»»

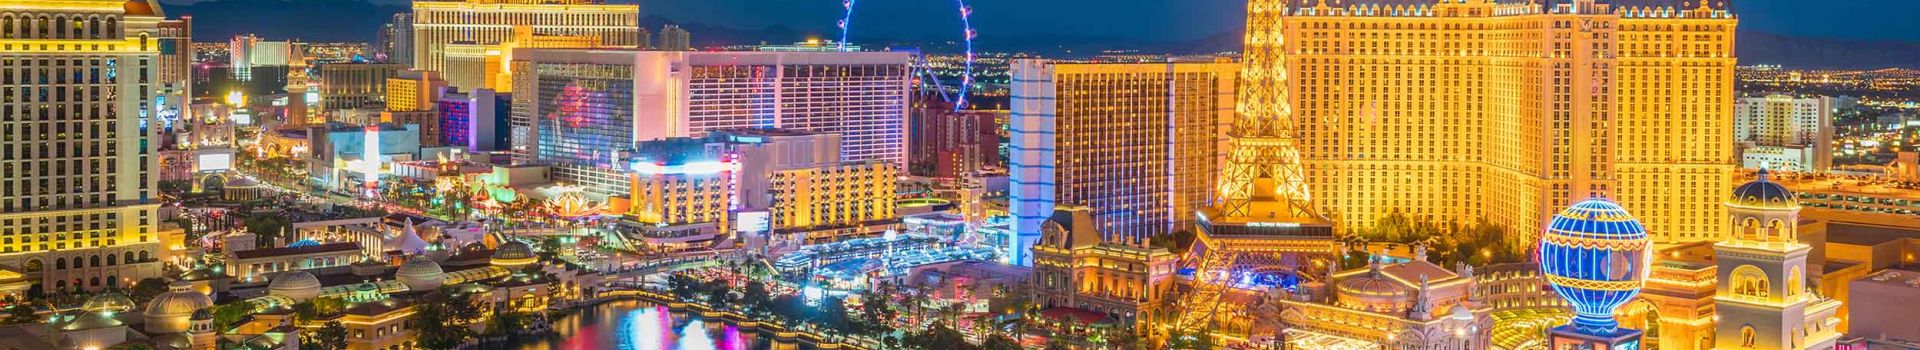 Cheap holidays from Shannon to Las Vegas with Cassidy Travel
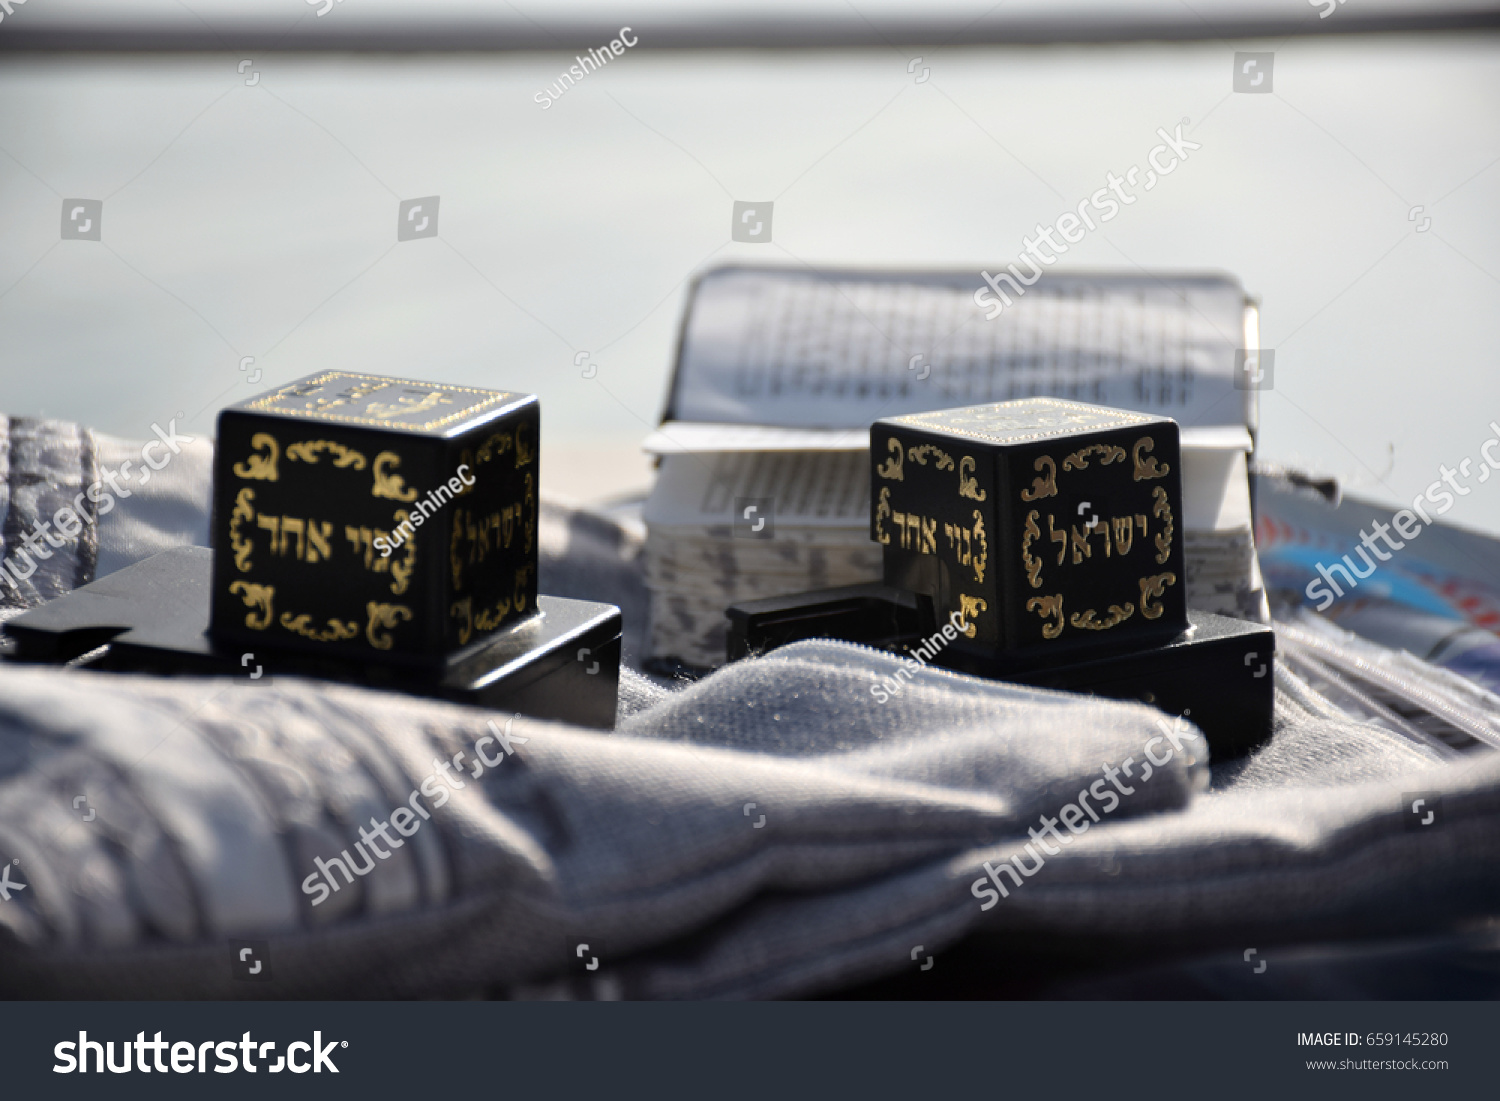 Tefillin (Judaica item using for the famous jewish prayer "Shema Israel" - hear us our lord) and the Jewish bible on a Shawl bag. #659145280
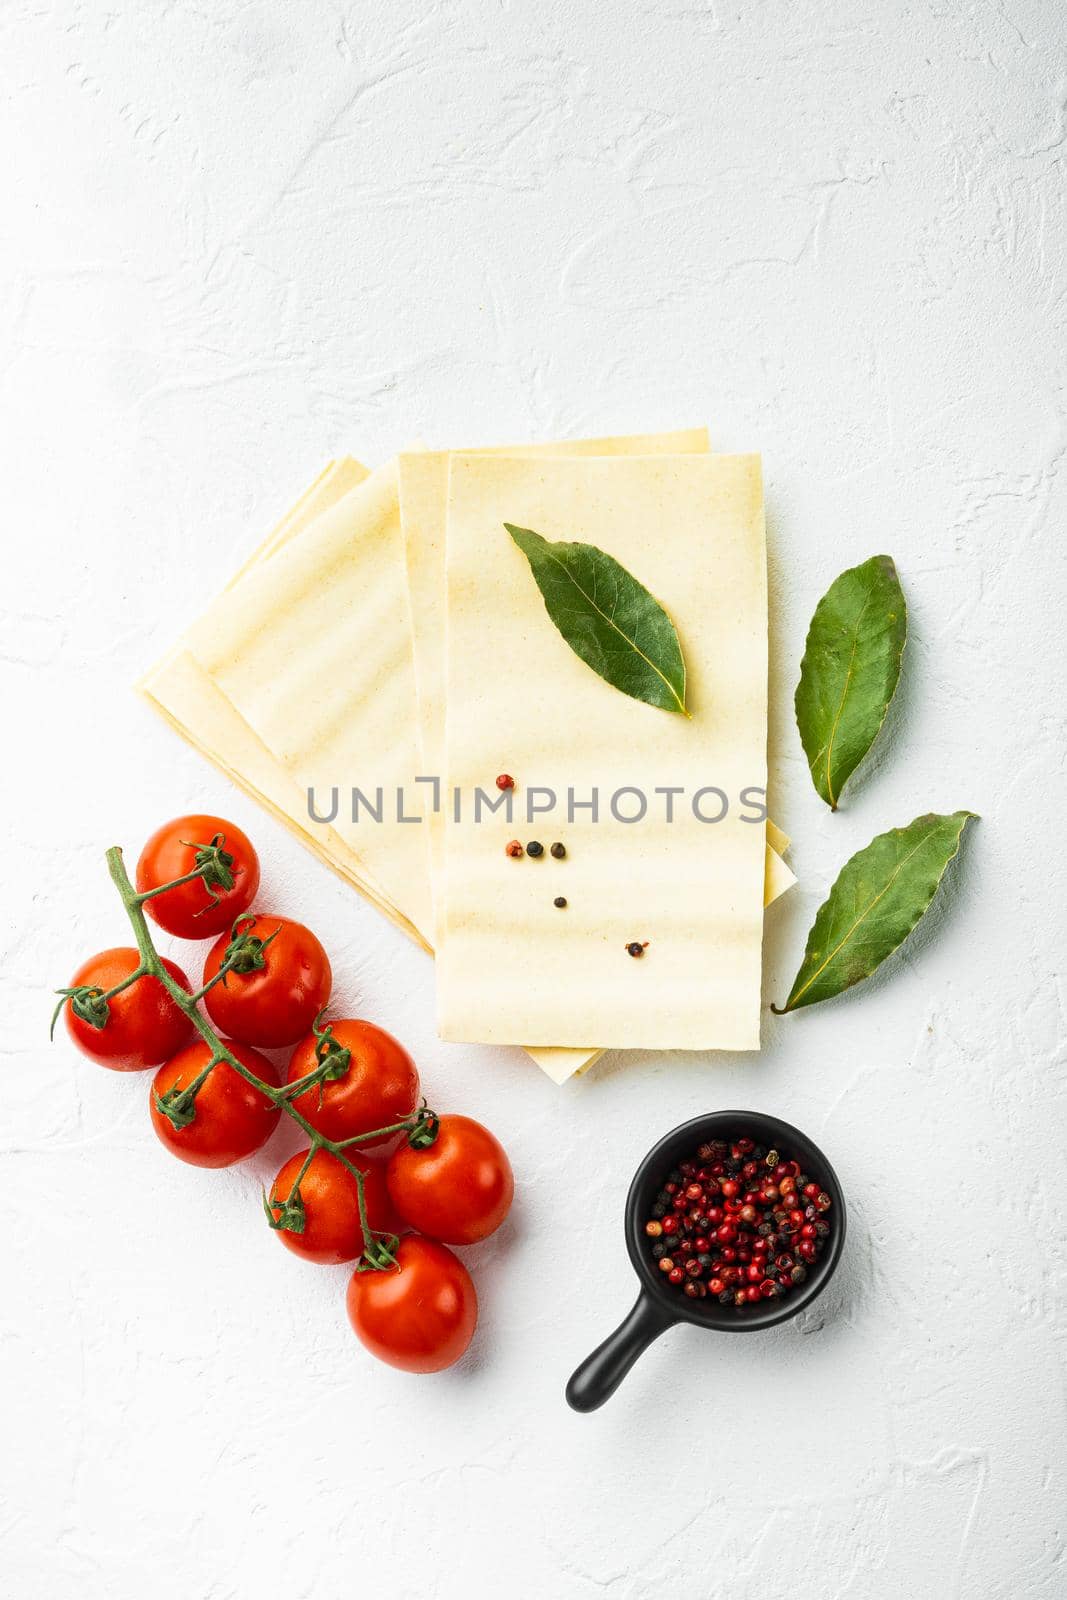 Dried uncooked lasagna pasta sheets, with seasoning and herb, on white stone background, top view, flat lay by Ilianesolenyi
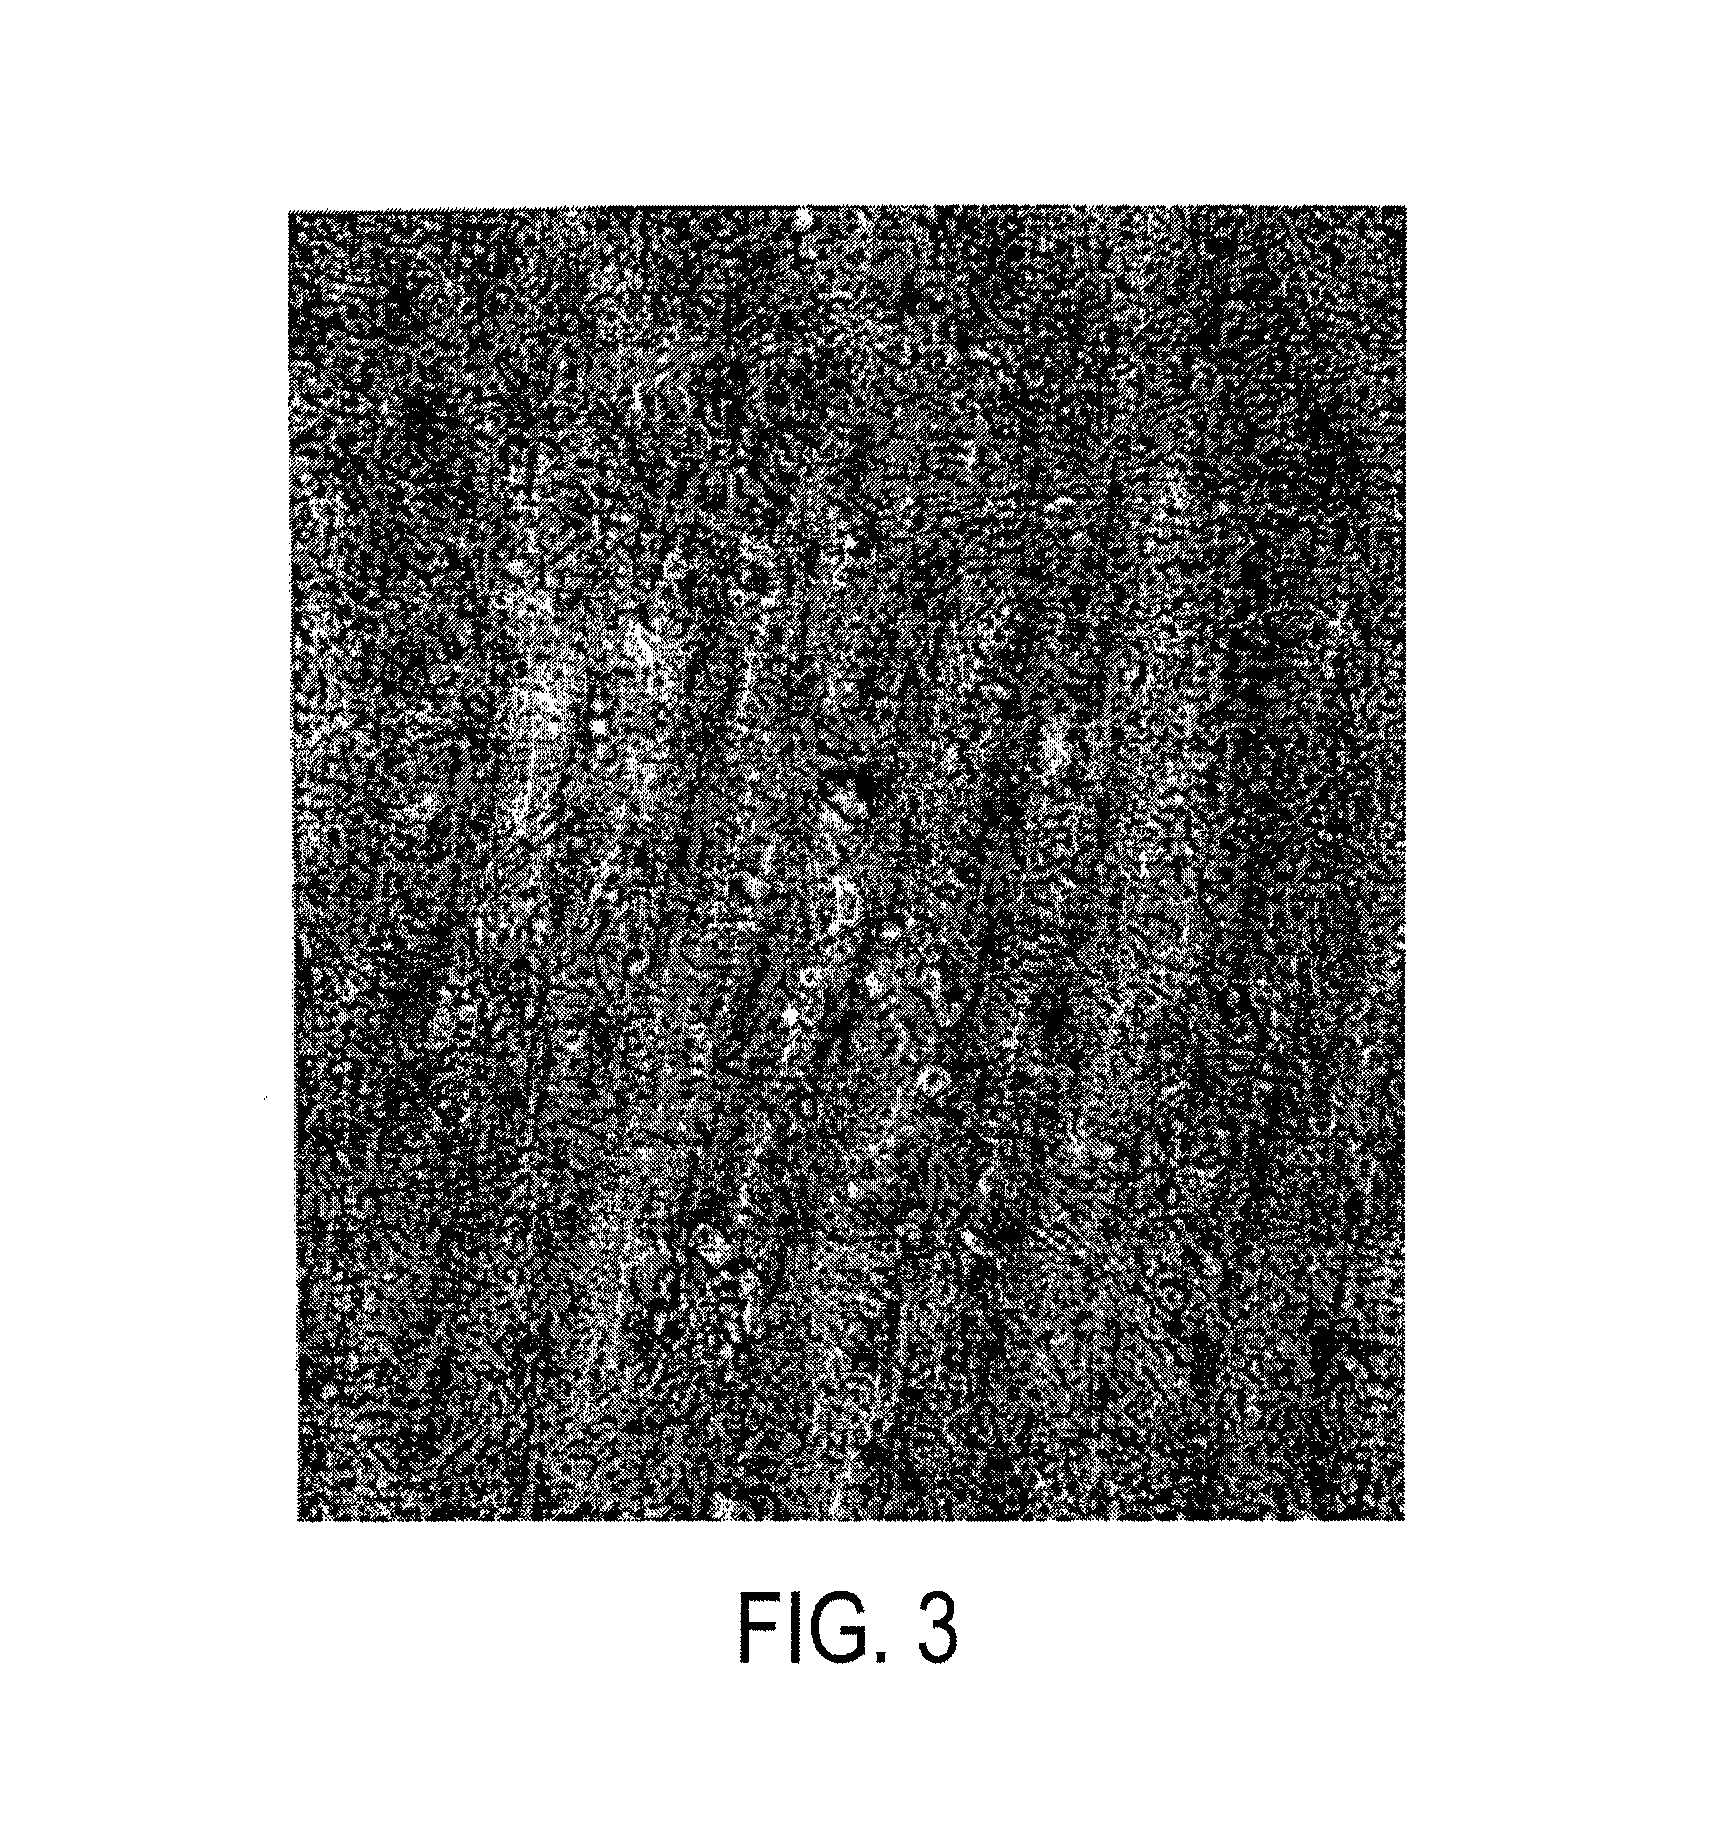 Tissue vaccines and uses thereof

««

Set down the material above word for word and skip its pictures.

▸ **Output for this exercise**
 Cheap holidays from Shannon to Las Vegas with Cassidy Travel
 Tefillin (Judaica item using for the famous jewish prayer "Shema Israel" - hear us our lord) and the Jewish bible on a Shawl bag. #659145280
 Dried uncooked lasagna pasta sheets, with seasoning and herb, on white stone background, top view, flat lay by Ilianesolenyi
 Tissue vaccines and uses thereof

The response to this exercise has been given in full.